_What you have to do_.
Nothing but the lines below from the one that contains "Siser® EasySubli® Heat" through the one that contains "5 Best Hotels" should be retyped, exactly and including both ends. Do not include pictures.

━━━━━ Records for processing

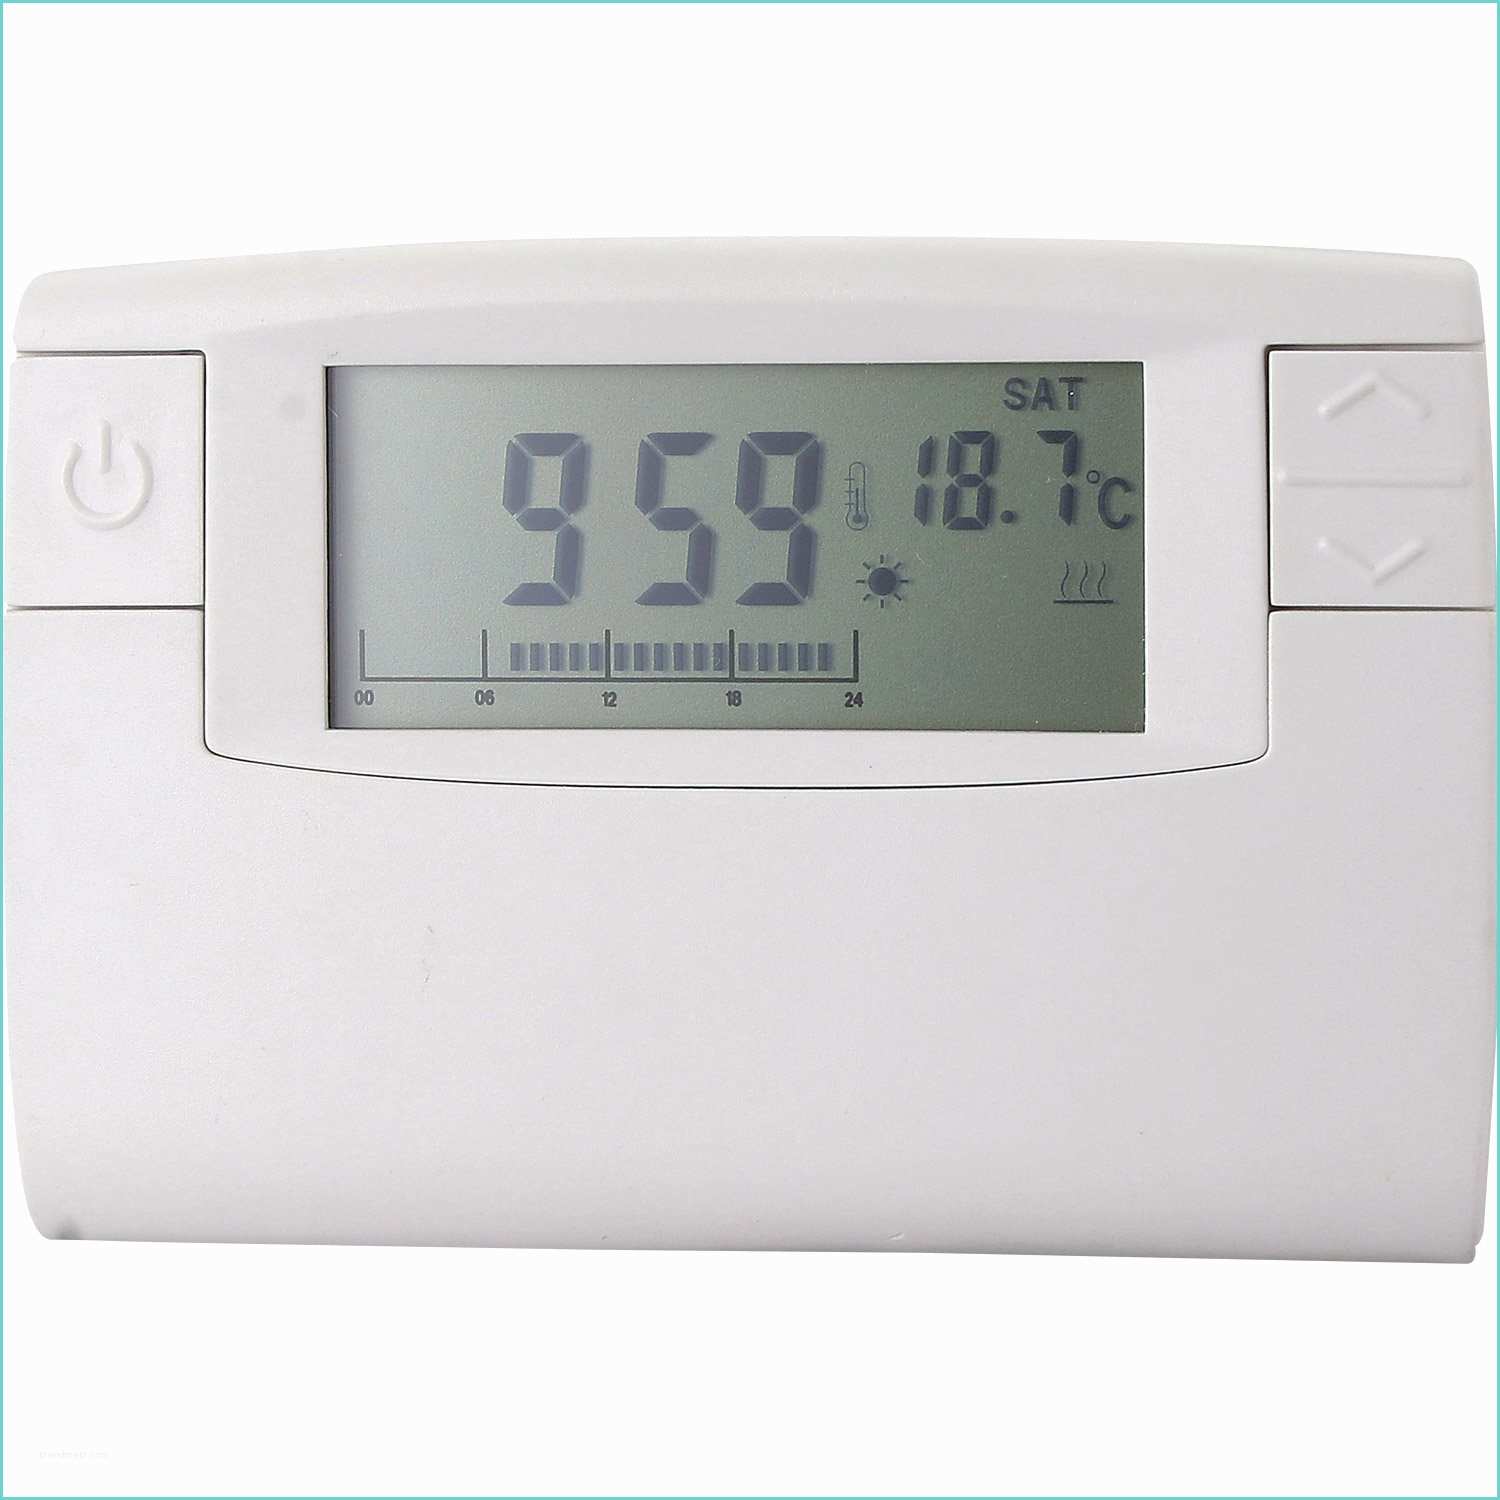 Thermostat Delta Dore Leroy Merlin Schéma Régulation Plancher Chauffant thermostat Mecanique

━━━━━━━━━━
━━━━━ Records for processing

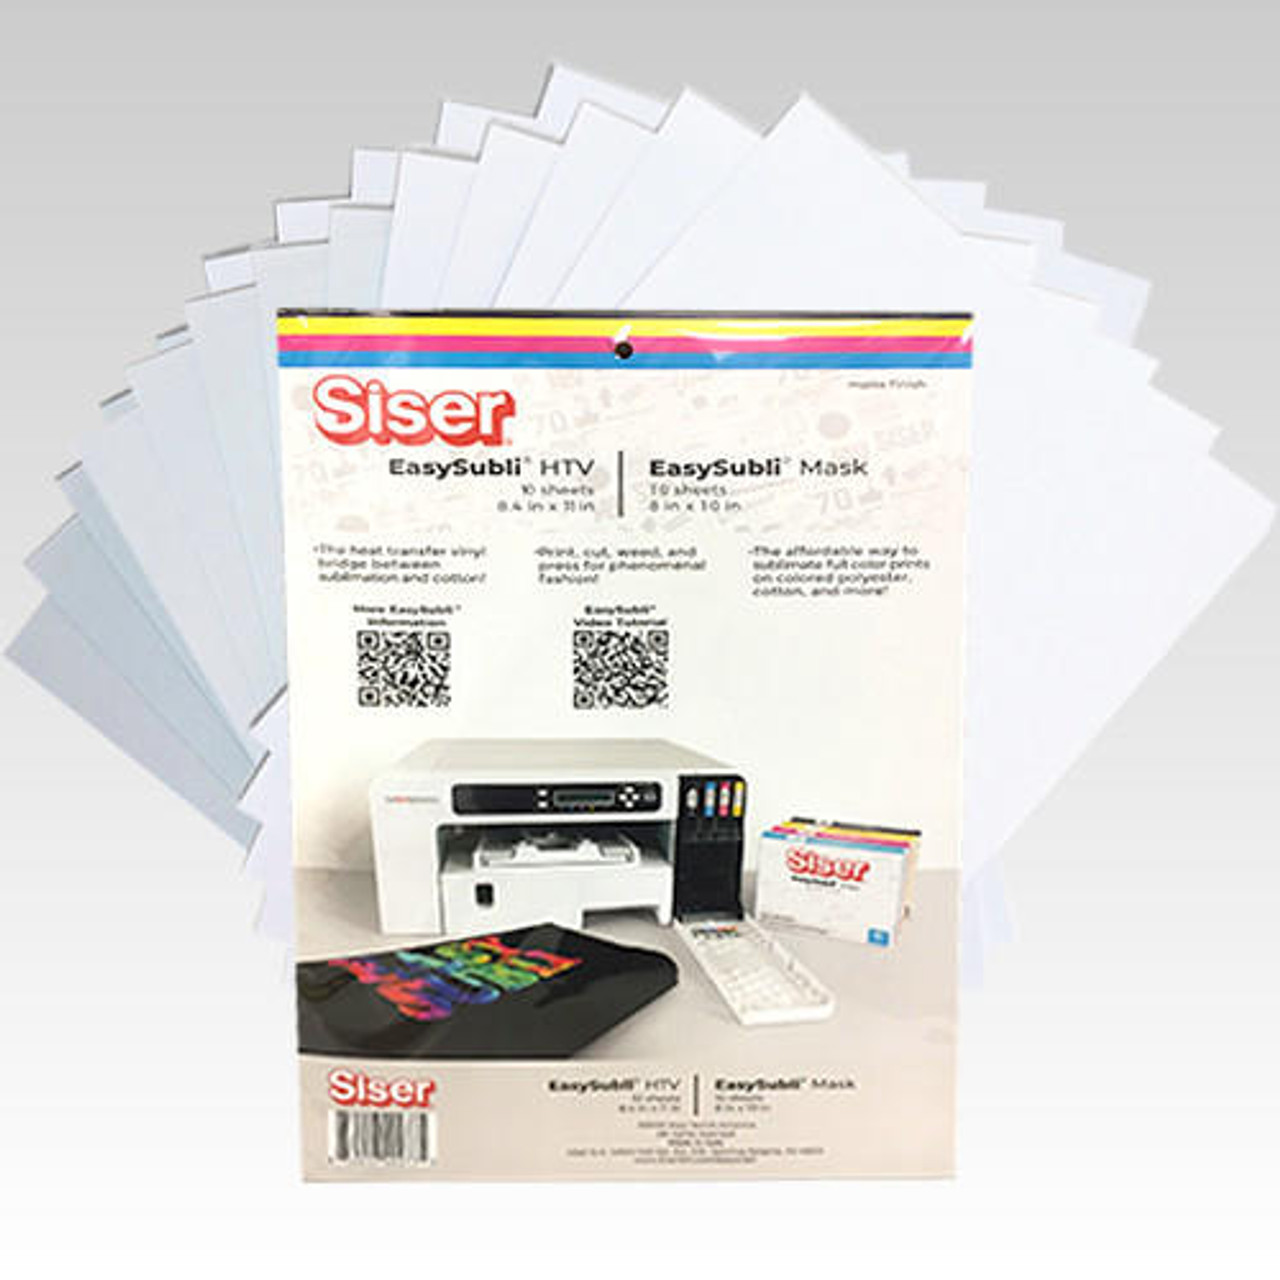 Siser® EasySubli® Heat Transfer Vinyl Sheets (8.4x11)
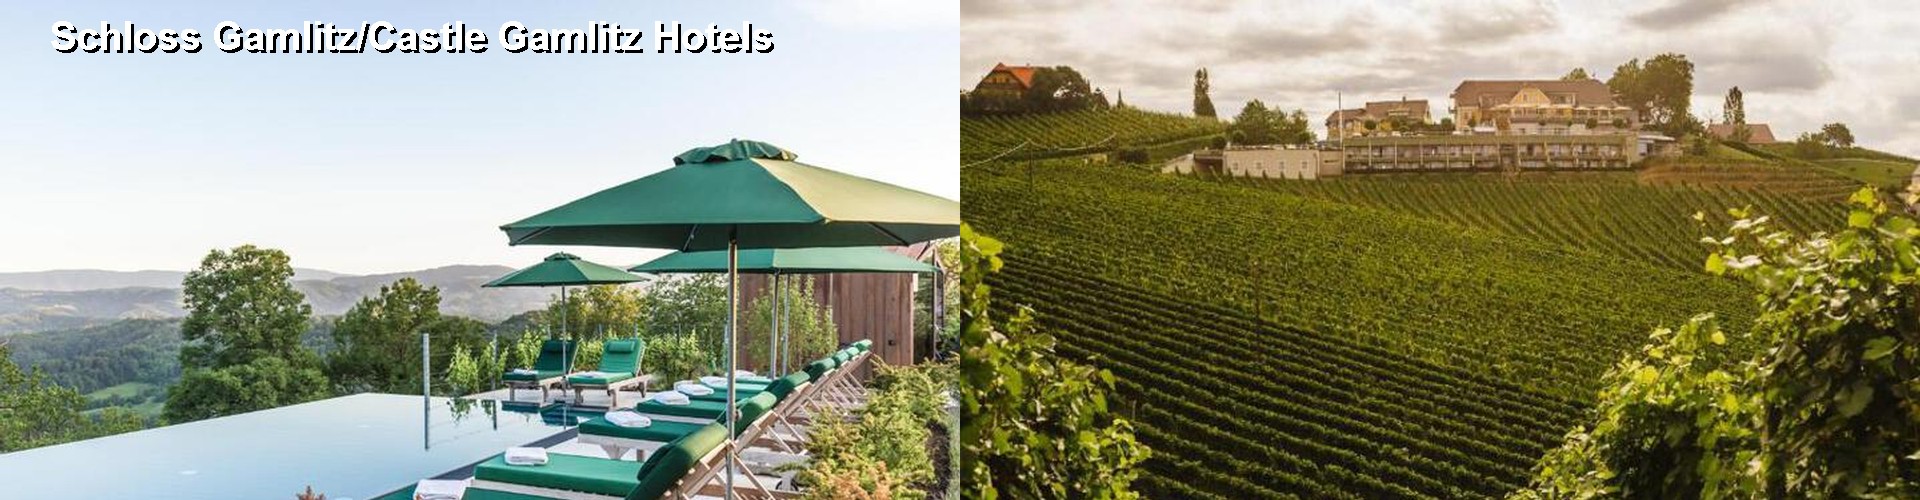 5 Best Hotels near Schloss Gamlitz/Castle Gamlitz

━━━━━━━━━━

_Response for this exercise_.
 Siser® EasySubli® Heat Transfer Vinyl Sheets (8.4x11)
 5 Best Hotels near Schloss Gamlitz/Castle Gamlitz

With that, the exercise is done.